START Input data
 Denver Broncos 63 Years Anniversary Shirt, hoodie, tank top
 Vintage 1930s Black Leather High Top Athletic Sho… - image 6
END Input data
START Input data
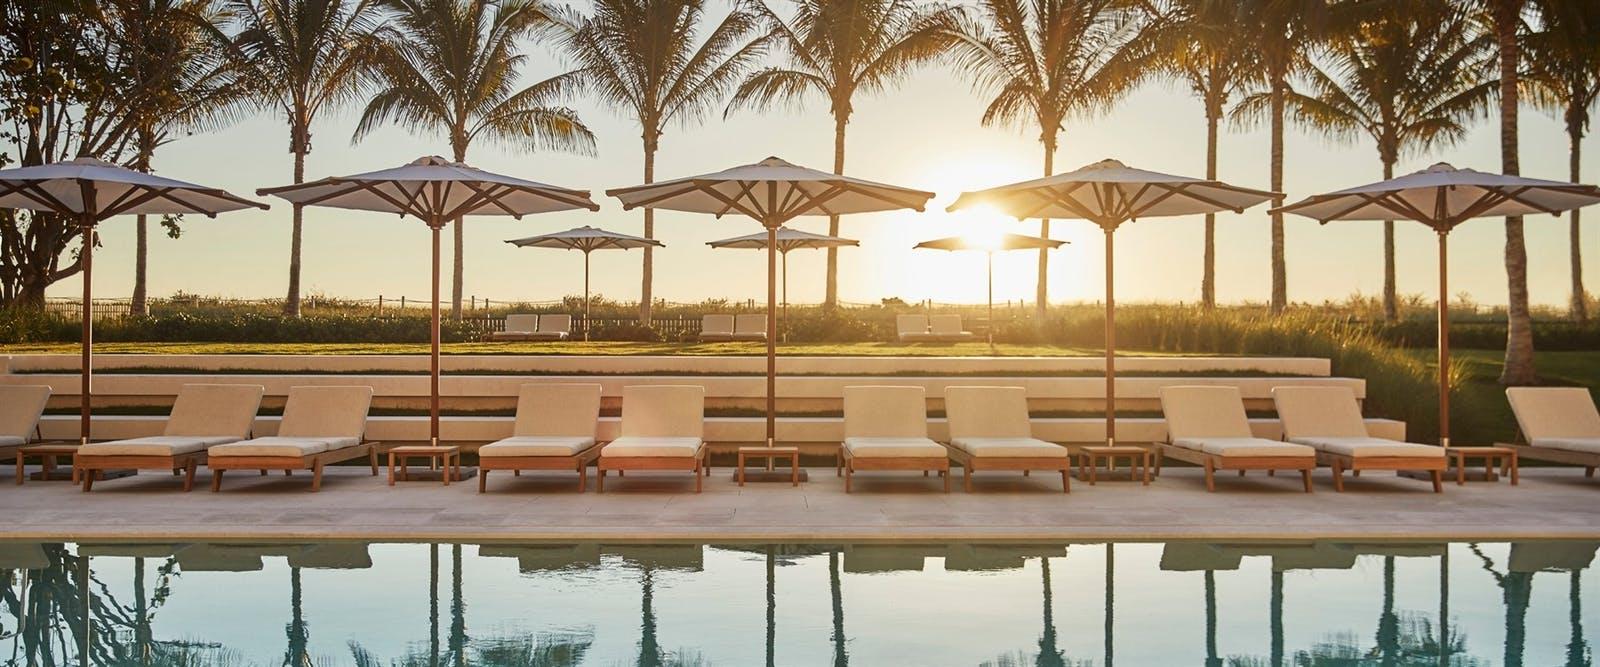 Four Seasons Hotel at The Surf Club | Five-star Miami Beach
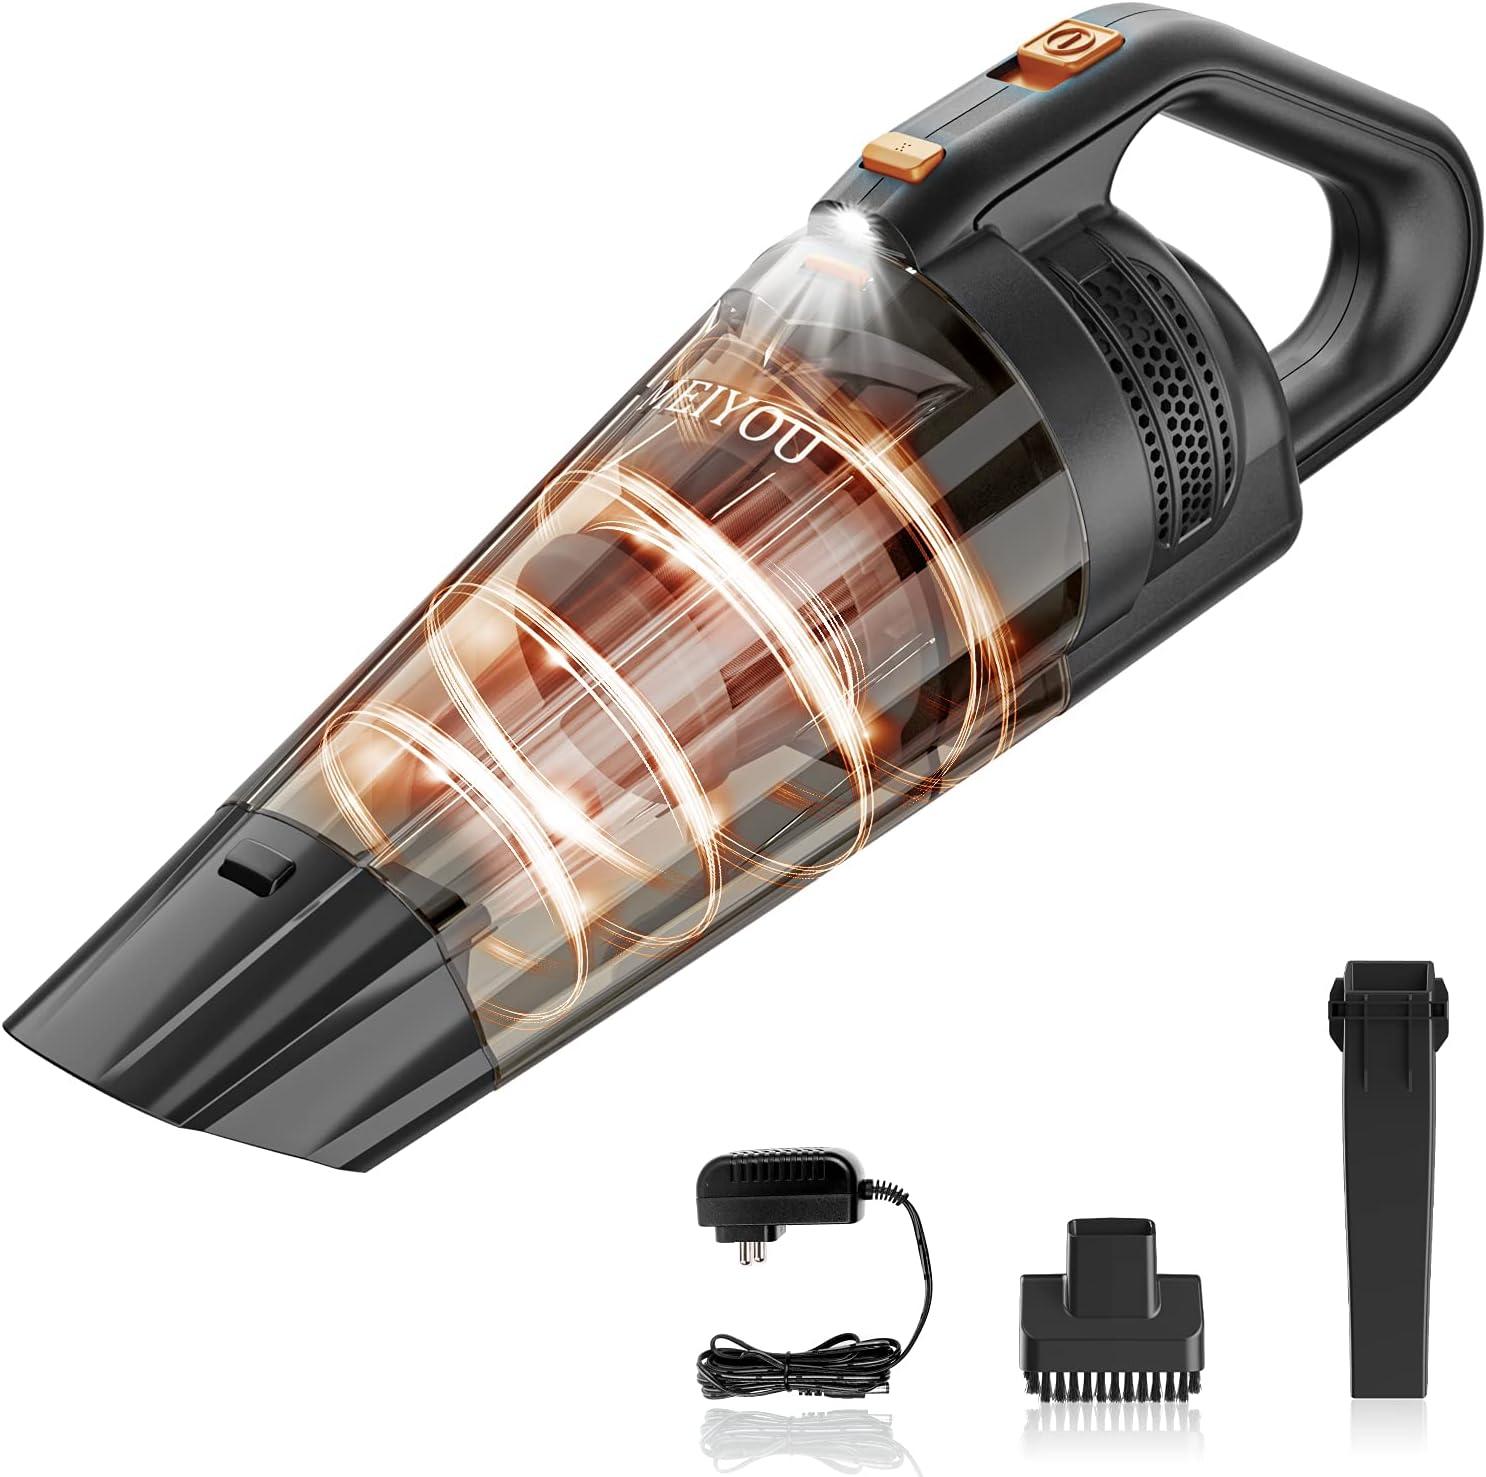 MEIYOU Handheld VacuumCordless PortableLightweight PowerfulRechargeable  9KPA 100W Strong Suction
END Input data
START Input data
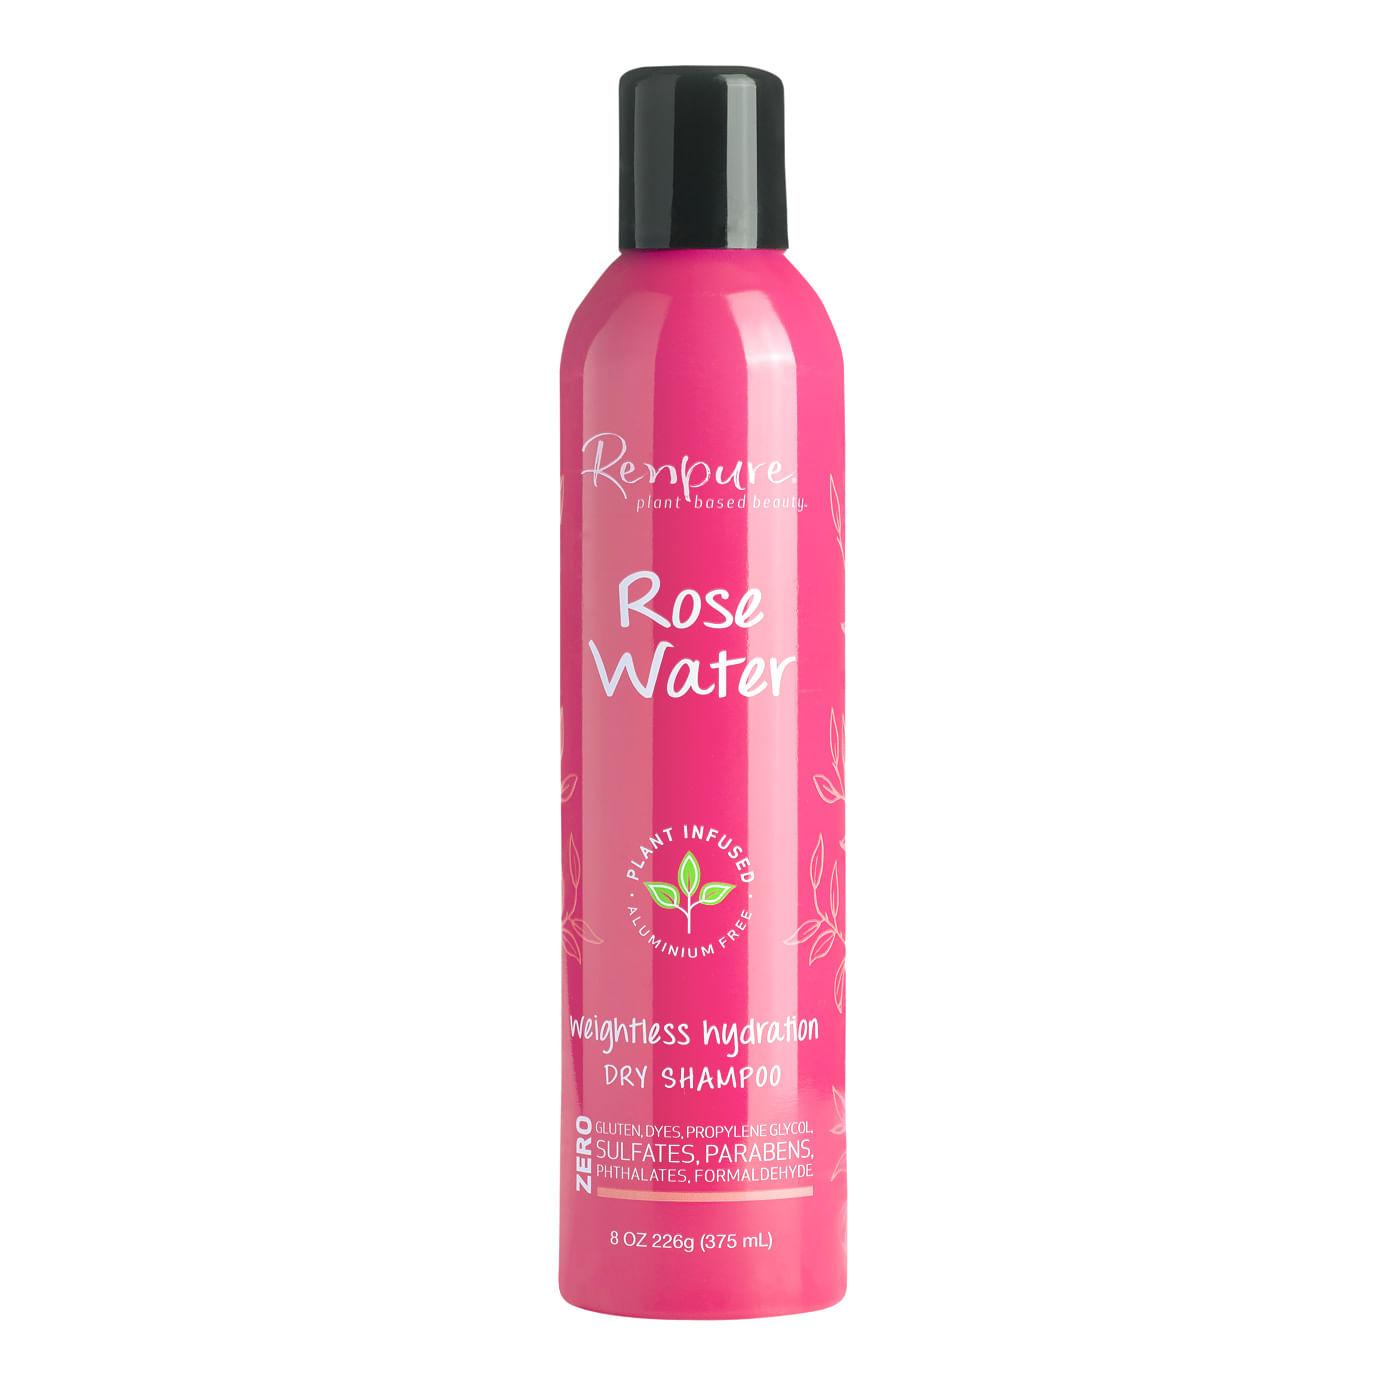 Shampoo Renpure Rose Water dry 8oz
END Input data
What the task requires: For this exercise, output exactly the lines above from the line with "Denver Broncos 63" to the line with "Vintage 1930s Black", counting both, and leave out the rest.

Answer for this exercise:
 Denver Broncos 63 Years Anniversary Shirt, hoodie, tank top
 Vintage 1930s Black Leather High Top Athletic Sho… - image 6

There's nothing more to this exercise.